Possible Candidates The list of packages that might be responsible for the issue causing the artifact to be not reproducible
File Name The requirement file which contains the dependency causing the issue

Compare results with original experiment

This script is used to compare the results of the latest run performed by LogErrorAnalyzer on either BugSwarm of BugsInPy artifacts.
Why can the current results differ from original experimental results?
As explained in the paper, dependency packages may cause unreproducibility through a variety of errors and these may keep changing over time while still causing unreproducibility. Thus, the identification process may identify dependency errors in new builds, while failing to do so in builds previously identified.

Subset Run

$ python3 compare_logerroranalyzer_results.py -path ~/PyDFix -dataset <1 for BugSwarm 2 for BugsInPy> -subsetrun

Full Run

$ python3 compare_logerroranalyzer_results.py -path ~/PyDFix -dataset <1 for BugSwarm 2 for BugsInPy>

This prints to the console the overview of the comparison as shown below:

Increase(/Decrease) in number identified: <Difference in number of identified artifacts>
New identified: <Number of new artifacts identified>
Not identified from previously identified: <Number of artifacts previously identified ut not in latest run>
Error identified changed: <Number of artifacts identified in both runs, but due to different error>

In the above terminal message, we show the change in identified errors through Error identified changed because this may change the fix outcome of IterativeDependencySolver for these builds. However, a change in the artifacts or errors identified does not indicate that the behavior of PyDFix has changed, but rather that the reason for unreproducibility of the builds analyzed by LogErrorAnalyzer have changed from the time the initial experiments were run.
The detailed results are provided in 3 csv files:

  • <dataset name>_compare_new_found.csv (Listing the new artifacts identified)
  • <dataset name>_compare_prev_skipped.csv (Listing artifacts previously identified, but not in the latest run)
  • <dataset name>_compare_common_diff_error.csv (Artifacts which are identified both in original and latest run, comparing old and new errors)

Re-creating Table 4

This recreates the entries of Table 4 for either BugSwarm or BugsInPy or both. The script aggregates the results of running LogErrorAnalyzer on both BugSwarm and BugsInPy builds and re-creates the data shown in Table 4 of the paper and discussed in Section 5.2 of the paper. If the results for both the datasets are generated, run this step without the -dataset option, else specify which dataset is to be considered.

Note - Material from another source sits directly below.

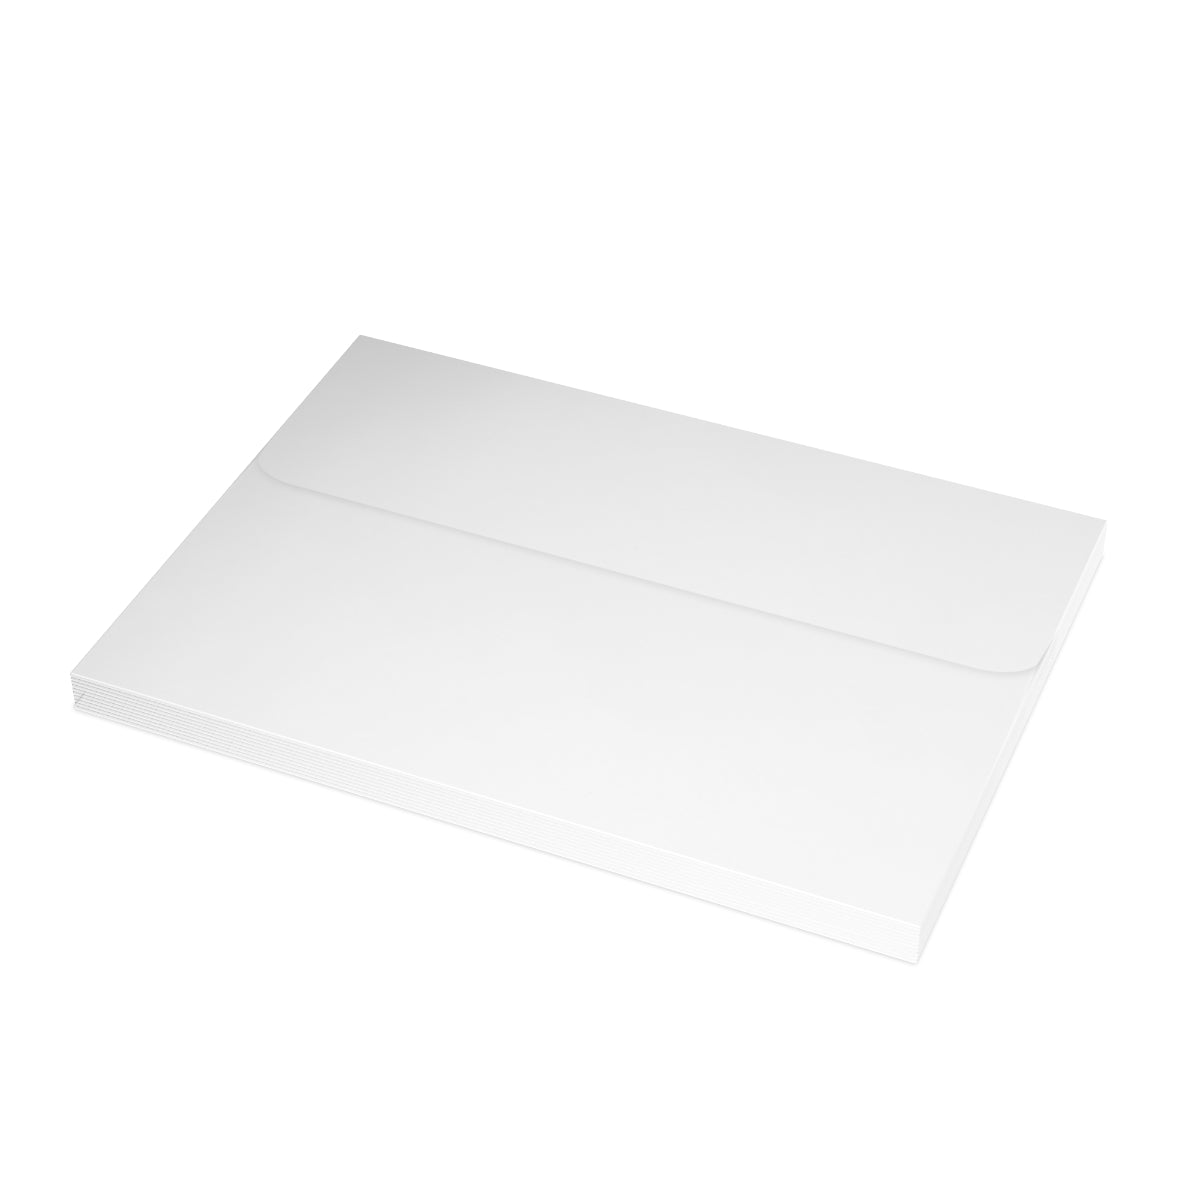 Portland, Oregon Folded Matte Notecards + Envelopes (10pcs)

$ python3 recreate_table4.py -path ~/PyDFix
    (optional) -dataset <1 for BugSwarm, 2 for BugsInPy>

Running this command will print the information relevant to Table 4 to the terminal.

STEP 3: IterativeDependencySolver

This component of PyDFix takes as input the csv output of LogErrorAnalyzer and solves dependency issues in each identified build. The detailed technical approach of IterativeDependencySolver is provided in Section 4.2 of the paper and this section reproduces the data described in Section 5.2 and Table 5 of the paper.
Note: IterativeDependencySolver works on the output of LogErrorAnalyzer. Hence, if the LogErrorAnalyzer had been only run for the subset of artifacts, IterativeDependencySolver will automatically work on the builds identified within the subset.

BugSwarm

This runs IterativeDependencySolver on all BugSwarm builds that have been identified by LogErrorAnalyzer.
🔶 The estimated running time for the following command for a subset run is: ≤2 hours.
🔶 The estimated running time for the following command for a full run is: ≤24 hours.

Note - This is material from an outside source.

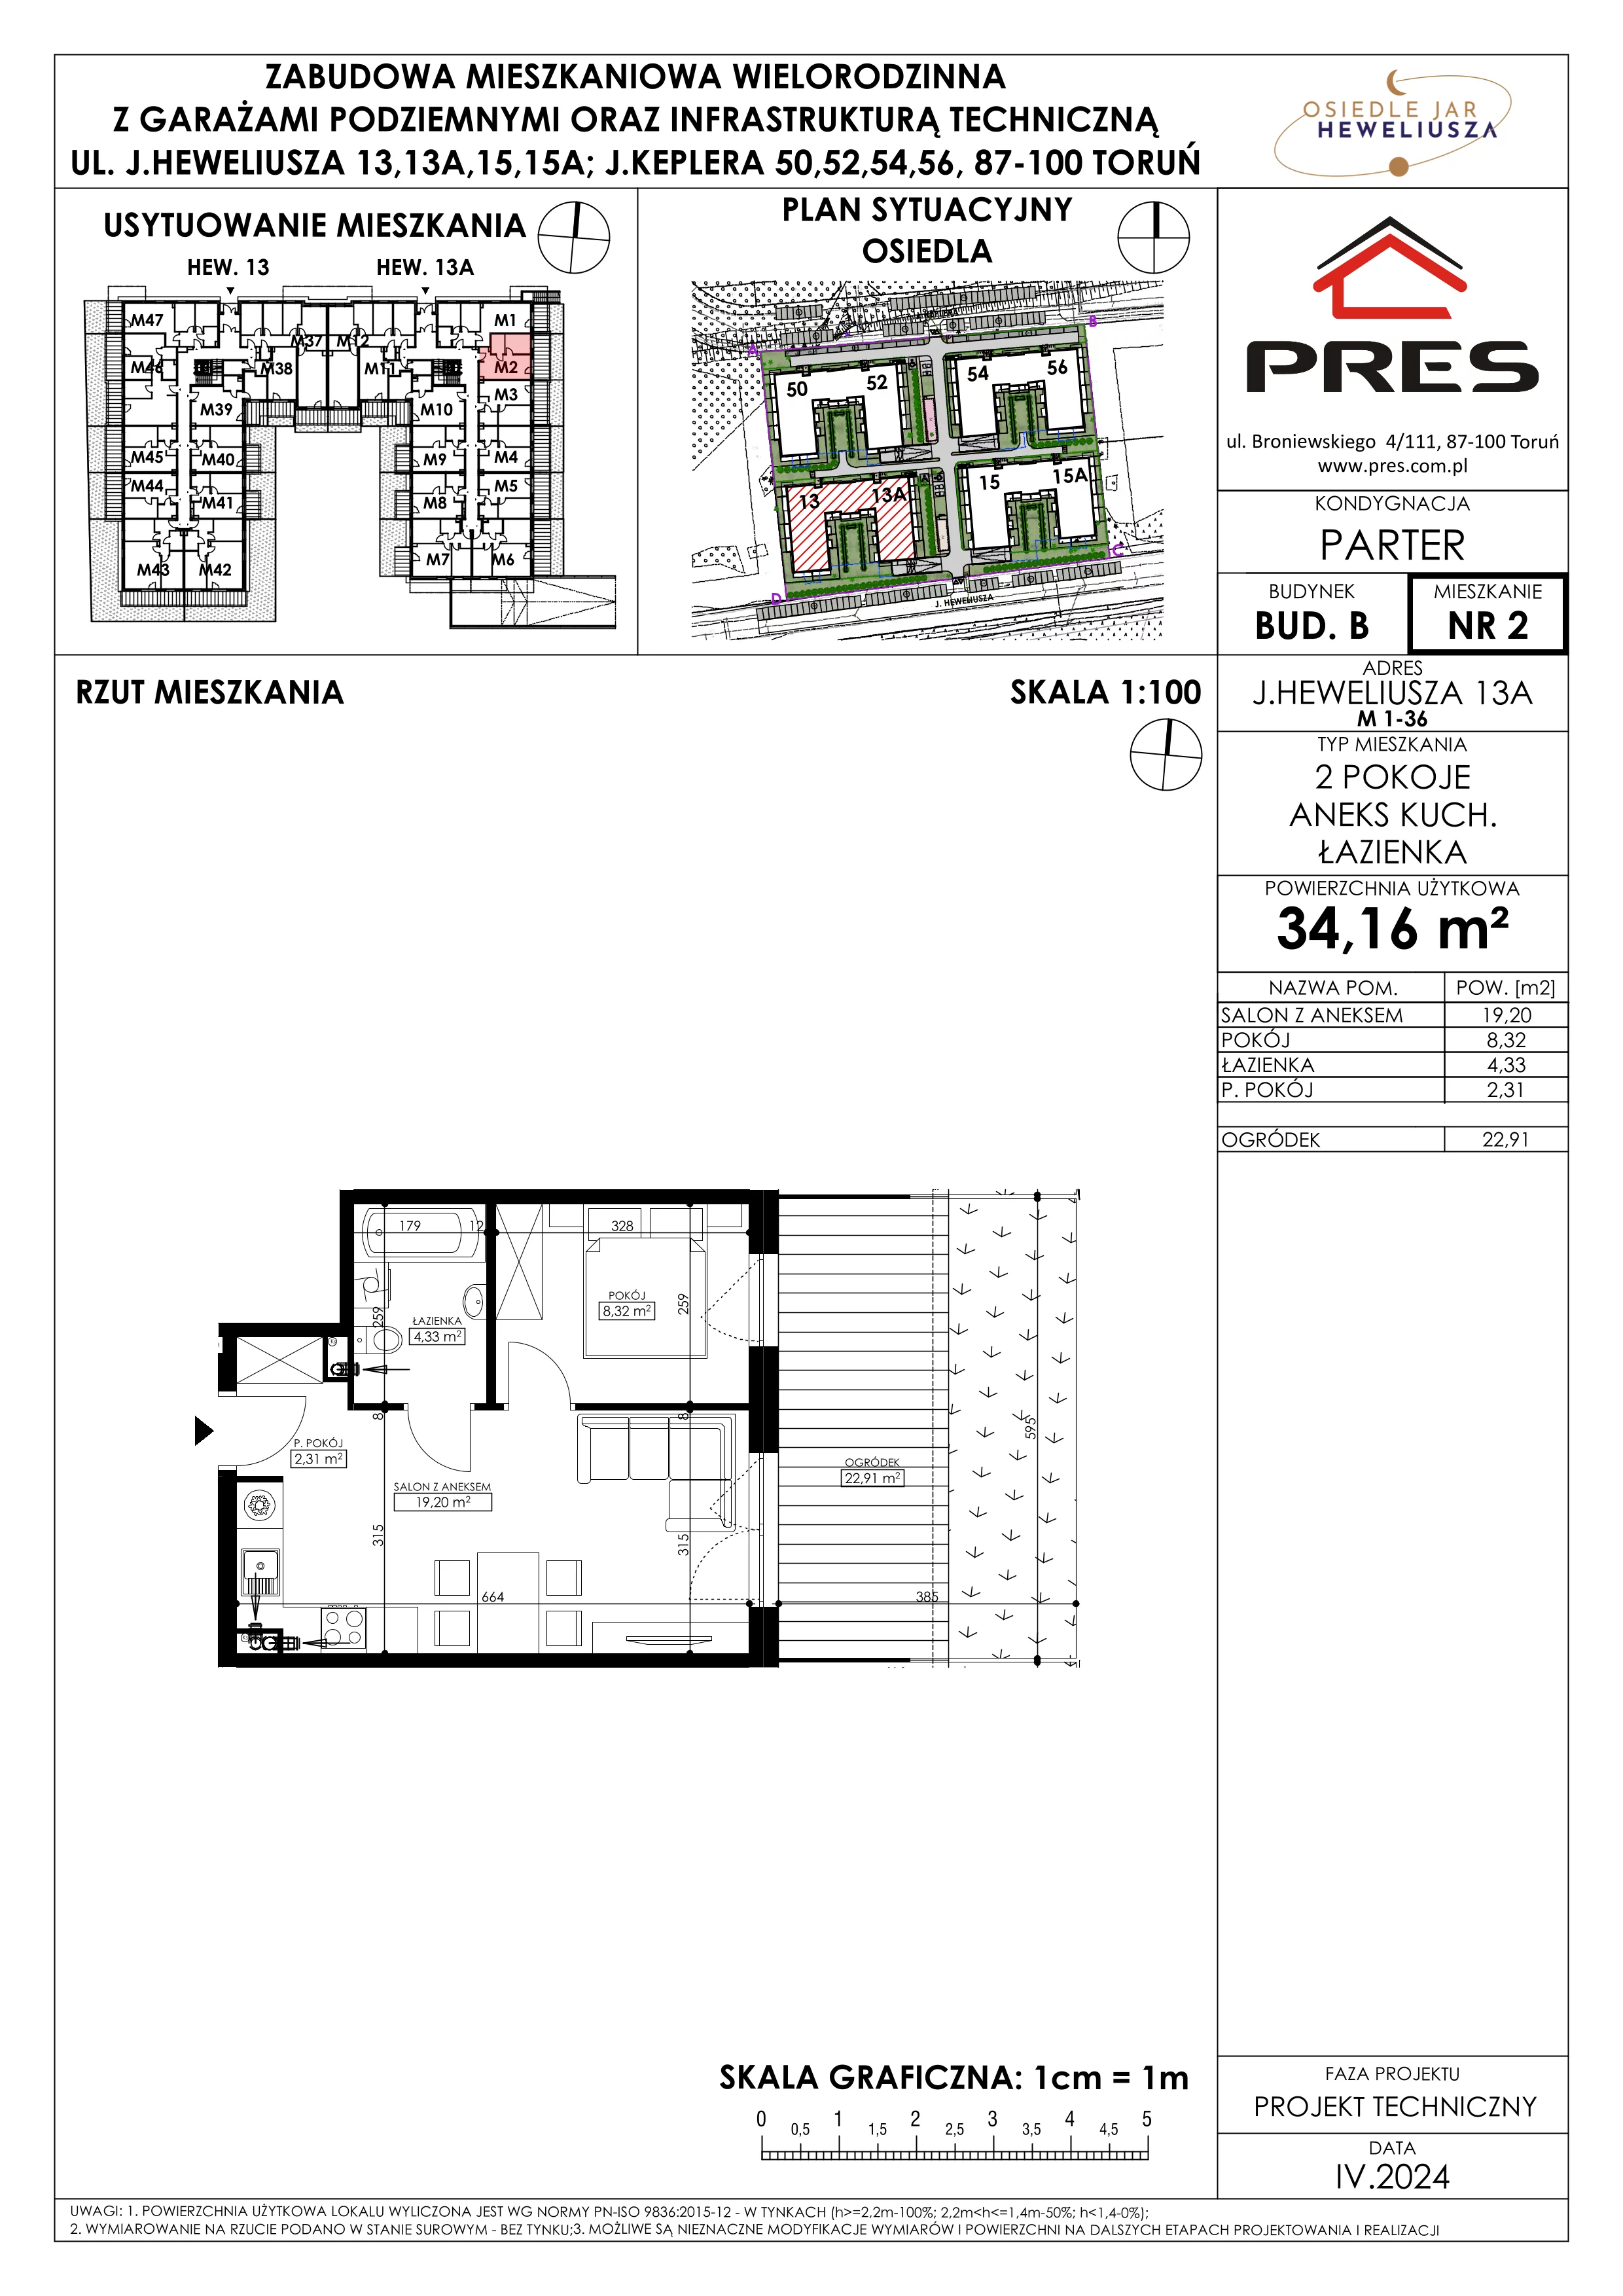 Mieszkanie 34,16 m², parter, oferta nr 2, Osiedle JAR Heweliusza - Etap II, Toruń, Wrzosy, JAR, ul. Heweliusza 13-15A

$ mkdir sourcecode_bugswarm
$ mkdir intermediates_bugswarm
$ mkdir ~/bugswarm-sandbox
$ python3 bugswarm_automate_iterative_dependency_solve.py -path ~/PyDFix -originallogs ~/PyDFix/orig_log_bugswarm -sourcecode ~/PyDFix/sourcecode_bugswarm -intermediate ~/PyDFix/intermediates_bugswarm

The output from running this command is a message printed to the terminal and a file named iterative_solve_results.csv which are explained in the section IterativeDependencySolver Output Section.

BugsInPy

This runs IterativeDependencySolver on all BugsInPy builds that have been identified by LogErrorAnalyzer.
🔶 The estimated running time for the following command for a subset run is: ≤3 hours. 🔶 The estimated running time for the following command for a full run is: ≤24 hours.

$ mkdir intermediates_bugsinpy
$ python3 bugsinpy_automate_iterative_dependency_solve.py -path ~/PyDFix -originallogs ~/PyDFix/orig_log_bugsinpy -component ~/PyDFix/BugsInPy -intermediates ~/PyDFix/intermediates_bugsinpy

The output from running this command is a message printed to the terminal and a file named bugsinpy_iterative_solve_results.csv which are explained in the section IterativeDependencySolver Output Section.

Output

The output of IterativeDependencySolver is explained in this section.

Terminal Message

On running IterativeDependencySolver on the datasets, a message will be displayed on the terminal in the following format.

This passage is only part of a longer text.